Trouble is what everyone avoids getting into, and yet it manages to cling and endure. Be it small or big, transient or lasting, personal or social, local or global, there is one or more for each at any given point. We are all tasked with making trouble as well as to settle it. It is said that without trouble there wouldn’t be glory either. With most of us living in troubling, disturbing and torrid times, what sort of salvific future can we expect?
Staying with the Trouble may not be easy, but staying out of it is even more daunting. It amounts to denouncing the world in the expectation of an ideal one. But is there a perfect world? Conversely, the world at large is metaphorically rooted in a bony pelvis, as shown on the book jacket, and metamorphoses into a butterfly through a skeletal vertebral column that has fleshed appendages on the sides. The complex image is indeed transformational reflection of dying and living — disturbing and reassuring at the same time. It seems to be convey that only through troubles does man become adult and mature. As a feminist scientist with extraordinary credentials, Haraway creates Chthulucene, a term aimed at replacing Anthropocene (human influence on the planet), and Capitalocene (influence of capital on humans), as a kind off time-marker for learning to stay with the trouble by taking responsibility to wipe it out.
As human population is almost set to cross 11 billion by 2010 — nine billion of those added over 150 years from 1950 to 2100 — the dominant discourse has debated, from two extreme positions, the impact of growing numbers on processes such as climate change. If some are optimistic that technology will fix troubles, others wonder if there is any sense in trying to make anything better. Haraway considers those who have answers to the present urgencies, and those who don’t, equally dangerous, and uses Chthulucene to cut through human exceptionalism and the utilitarian individualism of classical political economies. In discussing our problematic relationship with the natural world, the author proposes the flattening of inter-species hierarchy to cultivate response-ability.
The Chthulucene is proposed as an idea of non-hierarchical multi-species world of thinking and working. Haraway uses the spider’s web as a metaphor for a world in which there is no hierarchy between humans and non-human animals, where all lives are interwoven to guide us to possibilities of coexistence within environmental disturbance. The spider tentacles help feel attachments and detachments, and are both open and knotted at the same time. At the core of the thesis is the challenge to the idea of individuality. Instead, it demands sympoiesis — making together, rather than autopoiesis — self-making. It is in new ideas and thinking wherein lie possible solutions as old ideas fail as evidenced by the inequities of our resource-extracting economies.

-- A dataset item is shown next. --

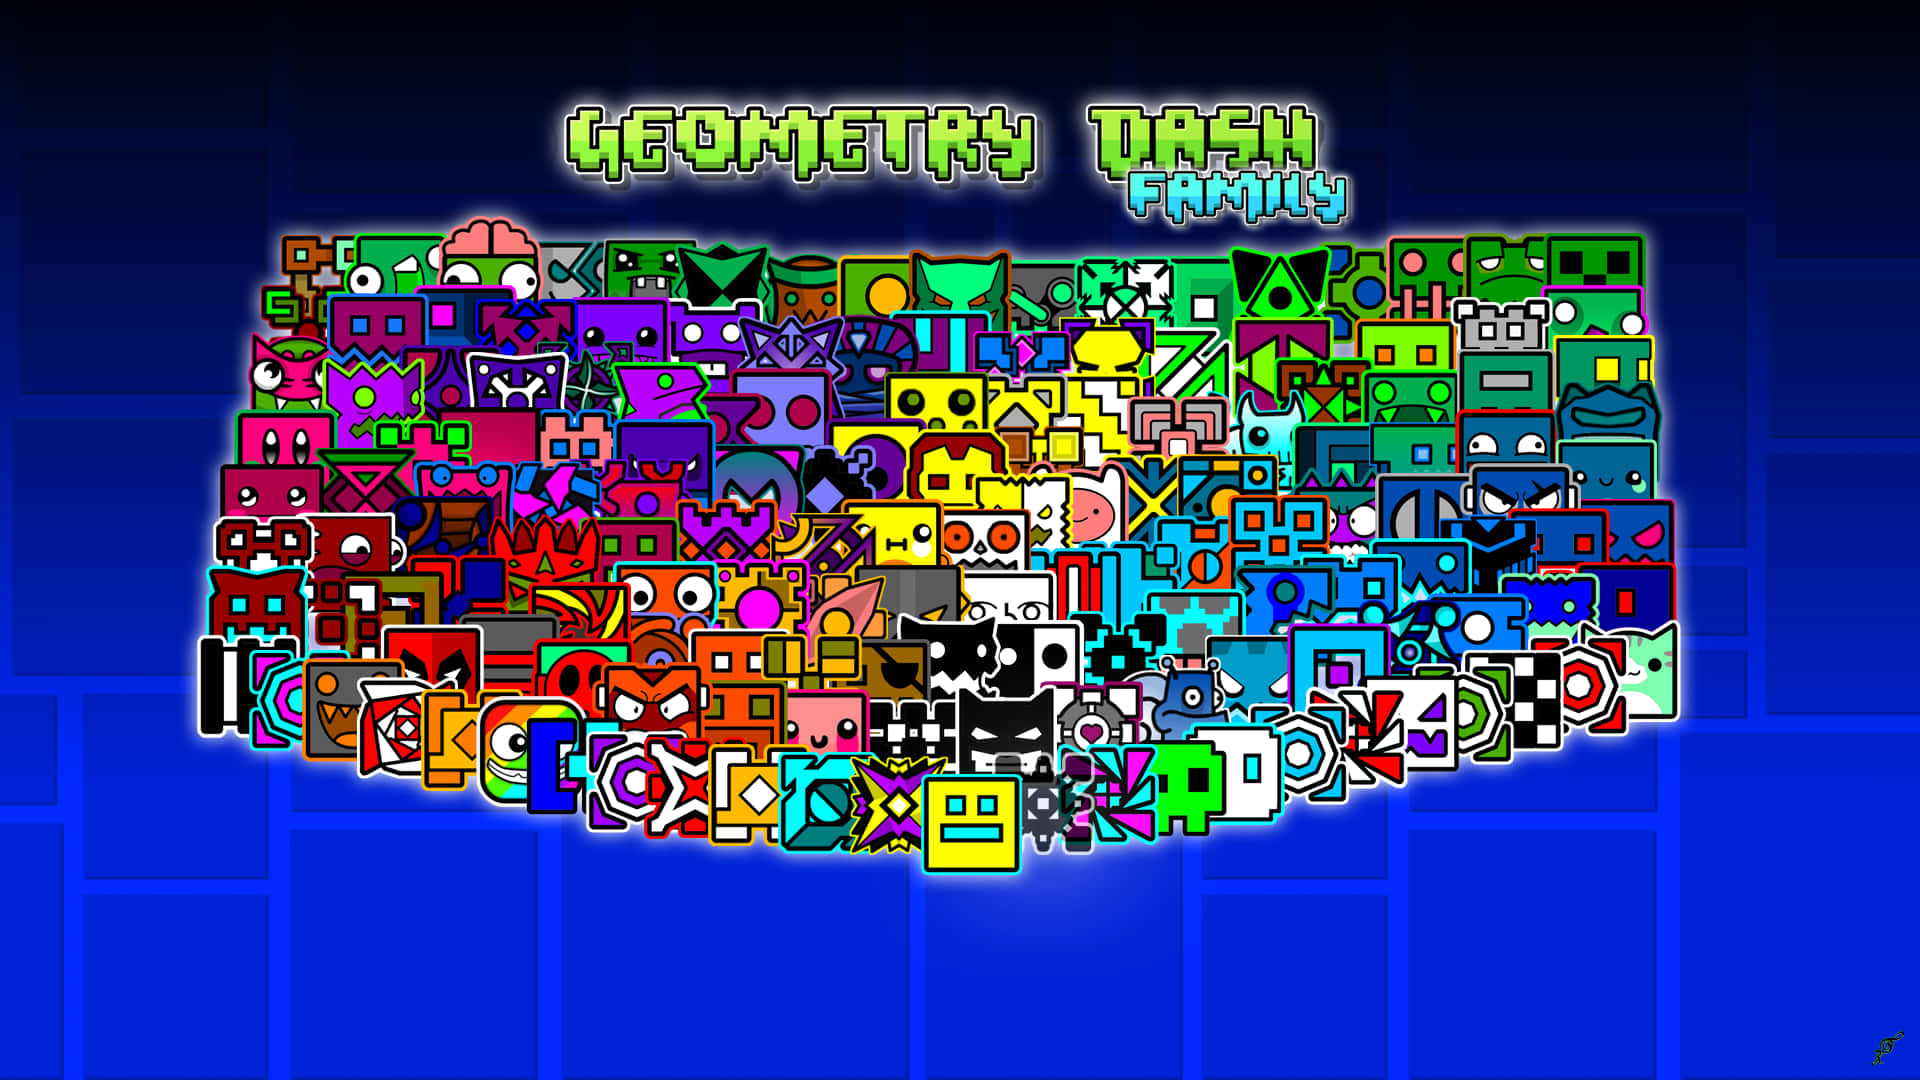 Geometry Dash Wallpaper Discover more Developed Geometry Dash Music  Platforming Video Games wallpaper  Geometry dash wallpaper Black  wallpaper Red and blue

Using a curious mix of cultures and mythologies, the book seeks to identify and cultivate capacity of specific bodies and places to respond to world’s urgencies with each other at the core. “I am not interested in restoration, but in more modest possibilities of recuperation, and getting on together,” stresses Haraway, whose rejection of rigid boundaries in A Cyborg Manifesto , of separating ‘human’ from ‘animal’ and ‘human’ from ‘machine’, had rattled contemporary thinking when it was published in 1984. As a distinguished professor in the history of consciousness at the University of California, Santa Cruz, Haraway proposes a process of living and dying together as an utmost urgency, as the natural system is on the verge of breakdown.
The book investigates the work of interdisciplinary artistes and scientists who are inventing new ways of working together, and also with other species. Take the case of pigeons, treasured kin or despised pests, which were engaged in an experiment to collect and distribute information about air quality to the public. Such data helps generate “imaginative action” to enhance collective thinking to address complexities. These are not easy solutions, but possibilities. Staying with the Trouble is a work in progress on ideas which are aimed at developing new sensibilities and means to foster collective response-ability.
Some ideas may appear esoteric largely due to our collective failure to see beyond the horizon. Having participated in a workshop on “narration speculative”, wherein the participants were tasked to fabulate a baby’s journey through five generations, Haraway could envision predicted events (ice-cap melting, sea-level rise, and species extinction) on paper. After the workshop, she gave the call to “make kin, not babies” in order to invoke and practise a deep responsibility towards all earthlings. If we are interested in taking care of the Earth then there is no way other species can be denied their right environmental justice. Haraway thinks that we could be truly pro-child if we practise kinship with other critters, as opposed to the crazy pro-natalist, but actually anti-child world we live in.
Staying with the Trouble is a tough book to read. The long, convoluted paragraphs and the technique of bringing multidisciplinary aspects into a single narrative, make it a challenge. Nonetheless, it is a scholarly work in which the world is modelled on generative ideas to help avoid despair in the face of ecological destruction.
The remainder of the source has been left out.